Ohrwürmer

[10] Ohrwürmer (richtiger Ohrwürmer [wegen ihrer Gestalt], Forficulidae), Familie der Geradflügler, langgestreckte Insekten mit beißenden Mundteilen, zwei kurzen, hornigen Flügeldecken und dünnhäutigen, fächerförmigen Hinterflügeln, bisweilen flügellos, vor den zusammengesetzten Augen mit fadenförmigen Fühlern, dreigliederigen Tarsen und am letzten Ring des Hinterleibes bei beiden Geschlechtern mit zwei großen gebogenen Zangen, die zur Verteidigung und zum Entfalten und Zusammenlegen der Flügel dienen. Sie leben lichtscheu unter Steinen, in Ritzen, Rinden, in Blüten etc. verborgen und gehen nachts auf Nahrung aus, die aus Blüten, Saft von Früchten und Insekten besteht. In der Gefangenschaft frißt ein Tier das andre auf. Ihren Namen verdanken sie dem irrigen Volksglauben, daß sie sich mit Vorliebe in die Ohren der Menschen verkriechen. O. leben in allen Weltteilen, am zahlreichsten in den Tropen, wo viele Arten nachts fliegen, kaum jenseit des nördlichen Polarkreises.
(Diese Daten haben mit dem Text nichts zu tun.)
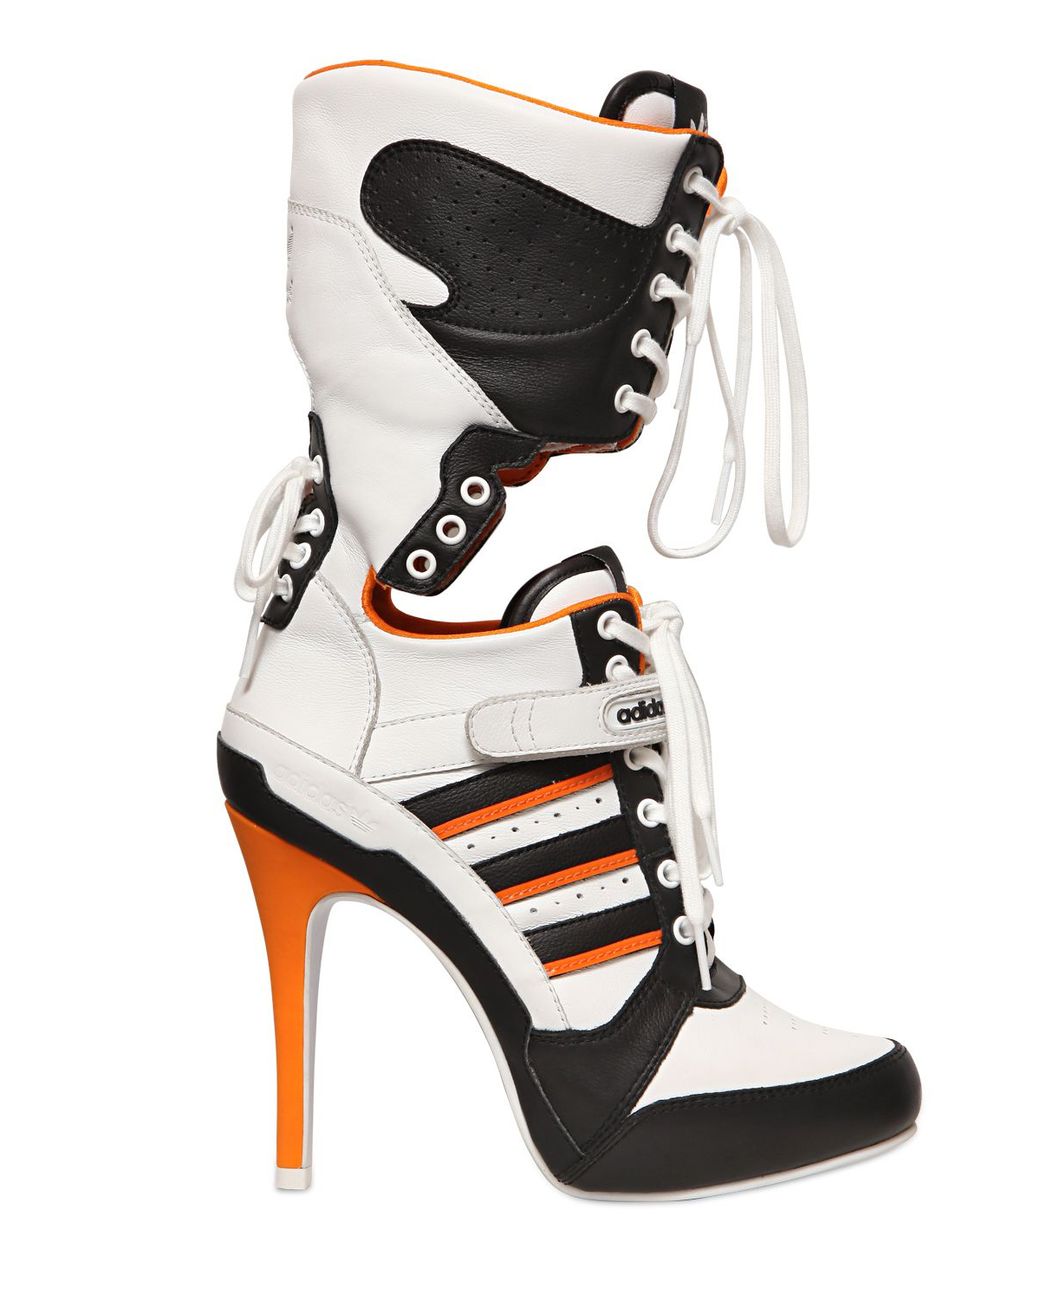 Parameters Competitive past Jeremy Scott for adidas 130mm Js High Heel Leather Boots in Orange | Lyst UK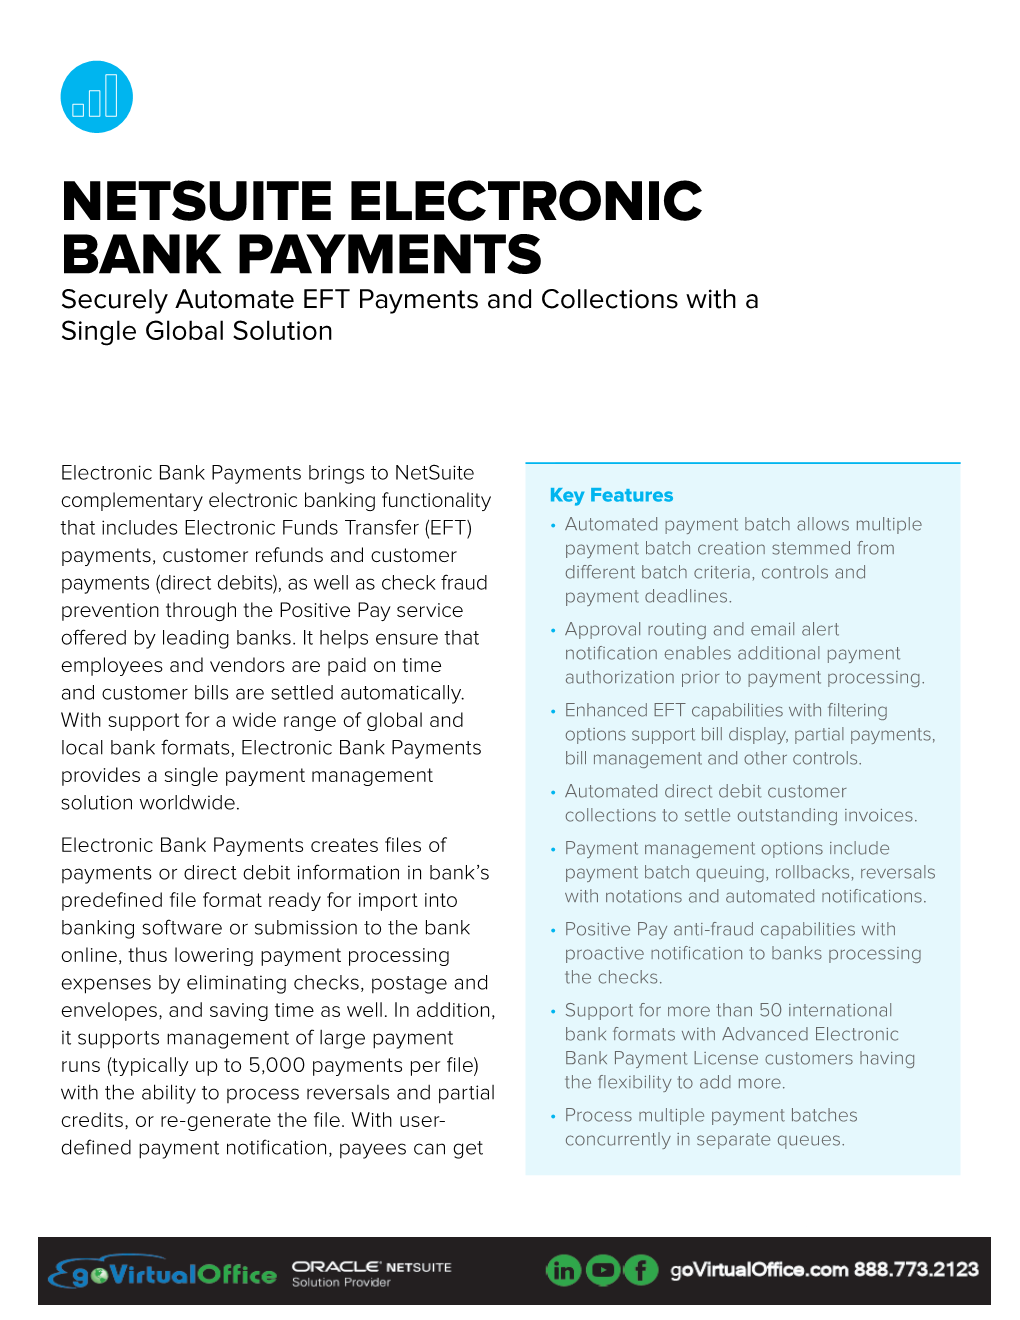 NETSUITE ELECTRONIC BANK PAYMENTS Securely Automate EFT Payments and Collections with a Single Global Solution

Über 300 Arten in 31 Gattungen. Der gemeine Ohrwurm (Öhrling, Forficula auricularia L. s. Tafel »Geradflügler I«, Fig. 4), 9–20 mm lang, glänzend dunkelbraun, mit rostrotem Kopf und gelblichen Beinen, ist überall in Europa sehr gemein, lebt gesellig, beschädigt Nelkenblüten, Georginen, Blumenkohl, süße Früchte etc., frißt auch Insekten. Das überwinterte Weibchen bewacht die im Frühjahr hinter Rinde oder unter einen Stein gelegten Eier und die nach etwa einem Monat ausschlüpfenden weißen Jungen, die im Juli erwachsen sind. Man fängt die O. in kleinen Blumentöpfen, hohlen Stengeln etc. Der große Ohrwurm (Labidura gigantea L., s. Tafel »Geradflügler I«, Fig. 3), 11–13 mm lang, mit einem Zahn an jeder Zangenhälfte des Männchens, findet sich vereinzelt in Deutschland, England etc., in Vorderasien und Nordafrika.

Quelle:
Meyers Großes Konversations-Lexikon, Band 15. Leipzig 1908, S. 10.